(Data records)
Start of Block
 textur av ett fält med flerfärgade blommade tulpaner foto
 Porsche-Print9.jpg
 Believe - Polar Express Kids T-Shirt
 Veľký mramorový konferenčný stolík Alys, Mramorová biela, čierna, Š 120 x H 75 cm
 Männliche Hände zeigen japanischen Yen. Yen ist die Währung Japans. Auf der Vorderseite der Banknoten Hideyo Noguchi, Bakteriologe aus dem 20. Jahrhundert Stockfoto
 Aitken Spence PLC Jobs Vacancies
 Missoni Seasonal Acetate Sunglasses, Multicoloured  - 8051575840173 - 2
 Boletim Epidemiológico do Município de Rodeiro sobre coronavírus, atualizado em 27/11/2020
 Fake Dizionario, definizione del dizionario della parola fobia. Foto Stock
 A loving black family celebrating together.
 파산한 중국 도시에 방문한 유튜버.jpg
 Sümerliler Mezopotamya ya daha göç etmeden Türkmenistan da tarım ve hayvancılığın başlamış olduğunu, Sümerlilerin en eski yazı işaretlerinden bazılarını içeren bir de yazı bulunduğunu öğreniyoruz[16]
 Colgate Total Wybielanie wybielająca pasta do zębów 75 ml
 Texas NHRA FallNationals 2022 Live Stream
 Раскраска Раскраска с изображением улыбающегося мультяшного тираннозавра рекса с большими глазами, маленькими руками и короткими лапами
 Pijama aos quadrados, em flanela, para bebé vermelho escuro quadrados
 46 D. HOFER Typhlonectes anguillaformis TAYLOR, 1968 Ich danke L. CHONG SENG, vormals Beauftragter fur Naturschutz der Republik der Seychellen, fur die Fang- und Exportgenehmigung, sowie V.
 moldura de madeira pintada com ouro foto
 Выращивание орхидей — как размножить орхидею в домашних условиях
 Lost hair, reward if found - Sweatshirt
End of Block
» Task to complete: Output the lines from the one with "Believe - Polar Express Kids T-Shirt" to the final line of the entries above, exactly as they stand, please, and nothing else.

» Exercise output:
 Believe - Polar Express Kids T-Shirt
 Veľký mramorový konferenčný stolík Alys, Mramorová biela, čierna, Š 120 x H 75 cm
 Männliche Hände zeigen japanischen Yen. Yen ist die Währung Japans. Auf der Vorderseite der Banknoten Hideyo Noguchi, Bakteriologe aus dem 20. Jahrhundert Stockfoto
 Aitken Spence PLC Jobs Vacancies
 Missoni Seasonal Acetate Sunglasses, Multicoloured  - 8051575840173 - 2
 Boletim Epidemiológico do Município de Rodeiro sobre coronavírus, atualizado em 27/11/2020
 Fake Dizionario, definizione del dizionario della parola fobia. Foto Stock
 A loving black family celebrating together.
 파산한 중국 도시에 방문한 유튜버.jpg
 Sümerliler Mezopotamya ya daha göç etmeden Türkmenistan da tarım ve hayvancılığın başlamış olduğunu, Sümerlilerin en eski yazı işaretlerinden bazılarını içeren bir de yazı bulunduğunu öğreniyoruz[16]
 Colgate Total Wybielanie wybielająca pasta do zębów 75 ml
 Texas NHRA FallNationals 2022 Live Stream
 Раскраска Раскраска с изображением улыбающегося мультяшного тираннозавра рекса с большими глазами, маленькими руками и короткими лапами
 Pijama aos quadrados, em flanela, para bebé vermelho escuro quadrados
 46 D. HOFER Typhlonectes anguillaformis TAYLOR, 1968 Ich danke L. CHONG SENG, vormals Beauftragter fur Naturschutz der Republik der Seychellen, fur die Fang- und Exportgenehmigung, sowie V.
 moldura de madeira pintada com ouro foto
 Выращивание орхидей — как размножить орхидею в домашних условиях
 Lost hair, reward if found - Sweatshirt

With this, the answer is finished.